I can’t bring myself to say it, but the hand now clutching at my hair seems to convey to general message of ‘She did something horrible’.
The tears are flowing freely now, although the reason for why is something I cannot fathom. Am I happy that this is all finally over, or am I crying over the needless hardships I suffered?
I wish I knew.
“God… If she hadn’t stopped me…” I whimper. “Then I wouldn’t… I’d be…”
“Stop you from what, darling?” Rarity’s eyes are so full of concern, I can hardly bear it. So many days full of nothing but scorn and hatred, and now I have these three mares here, each one of them conveying nothing short of complete and utter sympathy.
“From… from…” There’s no dignity in saying this, or the amount of water on my face. Looks like I’ve finally lost that as well – although it’s a small price to pay for freedom.
“From…” I drag it out for a third time, unwilling to admit that I had given up, while the three mares all press closer to the cage. I’m sure that they’ve already realised what I’m referring to.
“…Hanging…” I tighten my grip on my hair. “…myself...” The words come out in a choked whisper, but even so all three of the mares visibly recoil at my admission. “I just… I… I c-couldn’t take it any more. The pain… the…”
It feels wonderful to tell this story. To know that these three ponies now know what Trixie has done to me.
Rarity finally puts a stop to the pain of reliving the last three weeks as she stops me.
“It’s okay, dear. She can’t hurt you anymore.”
Oh wow. She just used that line.
“We’ll get you out of here, then we’ll go and find the princess… and then…” The white unicorn looked over at Twilight and Cadance who were both looking equally ‘happy’ at what was to come. “And then Trixie will get her punishment.”
It’s too much for me. The pain of reliving the last three weeks, and the shock of a hope I had given up on coming to fruition.
I collapse to my knees, sobbing uncontrollably. Less than five minutes ago I was fully prepared to die. I wouldn’t have cared in the slightest – In fact, I would have been happy. Now… all I can think of is getting away.
The three ponies refrain from talking to me while I go through my break-down. I can’t listen properly over my sobs of joy and grief, but the general gist seems to be that they are talking about what Trixie did to make me suicidal. The amount of times I catch the words ‘awful’, ‘sorry’ and ‘justice’ is heart warming.
Eventually, my sobs die down, and I finally look up at the three.
“You…” I give a small hiccup. “Have no idea how much… What this changes… I…”

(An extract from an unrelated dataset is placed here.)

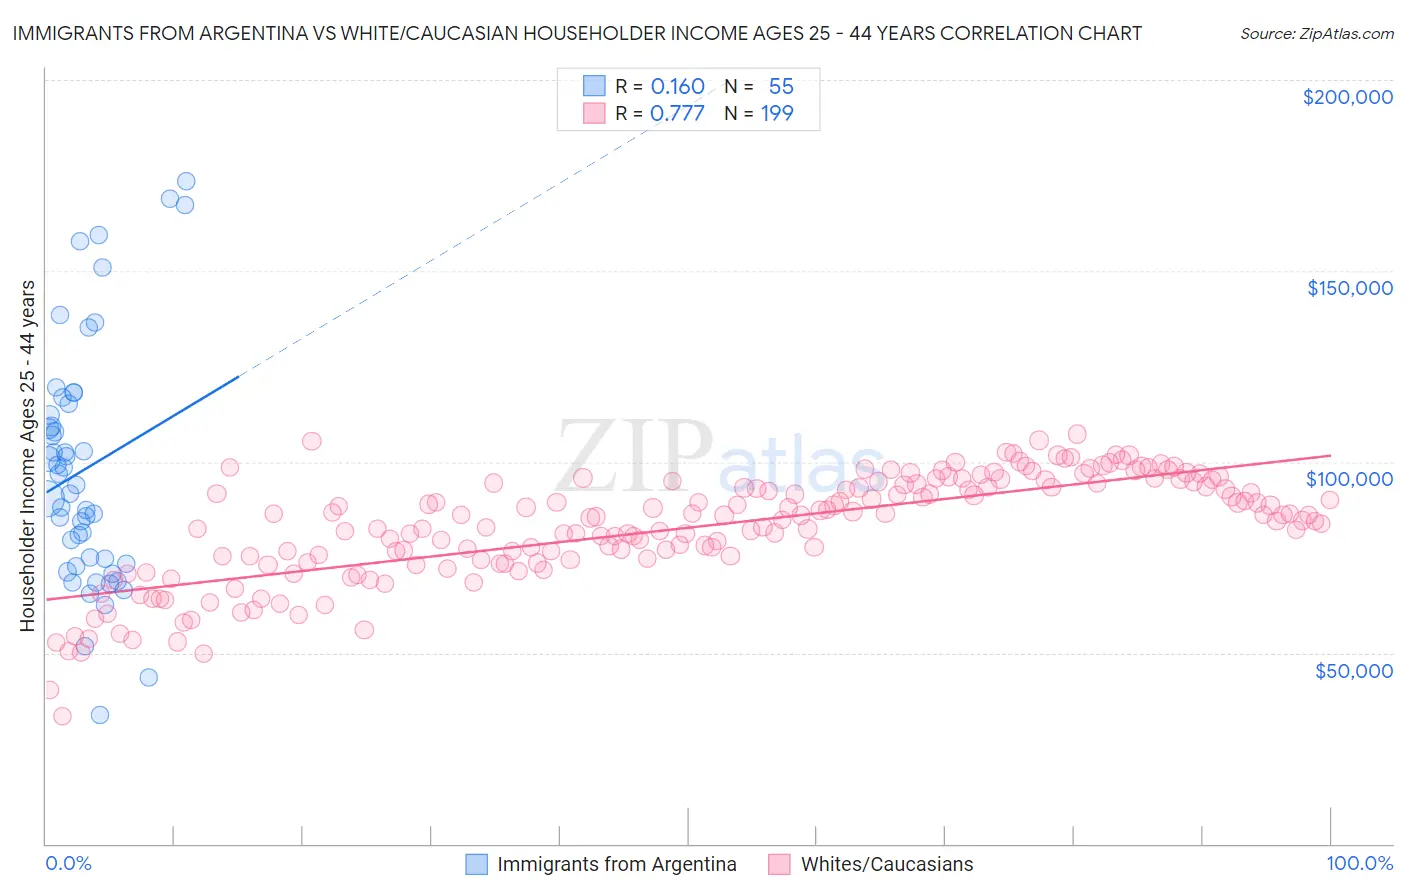 Immigrants from Argentina vs White/Caucasian Householder Income Ages 25 - 44 years

“You don’t need to tell us.” Cadance replies softly. Of course I don’t need to explain it to the alicorn that can feel emotions.
“Well, not to you.” I mumble, slowly standing up and rubbing at my eyes. “Please, get me out of here, before that monster comes back.”
“Right.” Twilight’s horn lights up, and her aura encircles the cage door, thrusting it open.
I grin weakly. I never thought I’d see the day when that door was just… open, with no-one forcing me to walk through it.
I look to Twilight, trying to convey exactly how grateful I am with one expression.
Realizing that such a feat would be beyond Celestia herself, I open my mouth to speak when everything goes wrong. Horribly, horribly wrong.
I watch in shock as Trixie emerges from the shadows behind Twilight, Rarity and Cadance, her eyes wild with rage and disbelief.
My very first thought is ‘How did she sneak up on us?’, followed quickly by ‘Why did she sneak up on us? How could she possibly know that they were in here?'
I quickly search my memory, and almost immediately realize that my saviours never closed the door to the wagon. Trixie could have – must have, actually – heard our exchange at a distance, and then crept up on us.
I want to scream. I want to shout, and point her out to the others, and yet I cannot. Trixie has already seized control of my mind, filling it with a presence that writhes with rage and unbridled hatred. Her horn is surrounded by its aura, the dull ambient light going unnoticed by the three mares.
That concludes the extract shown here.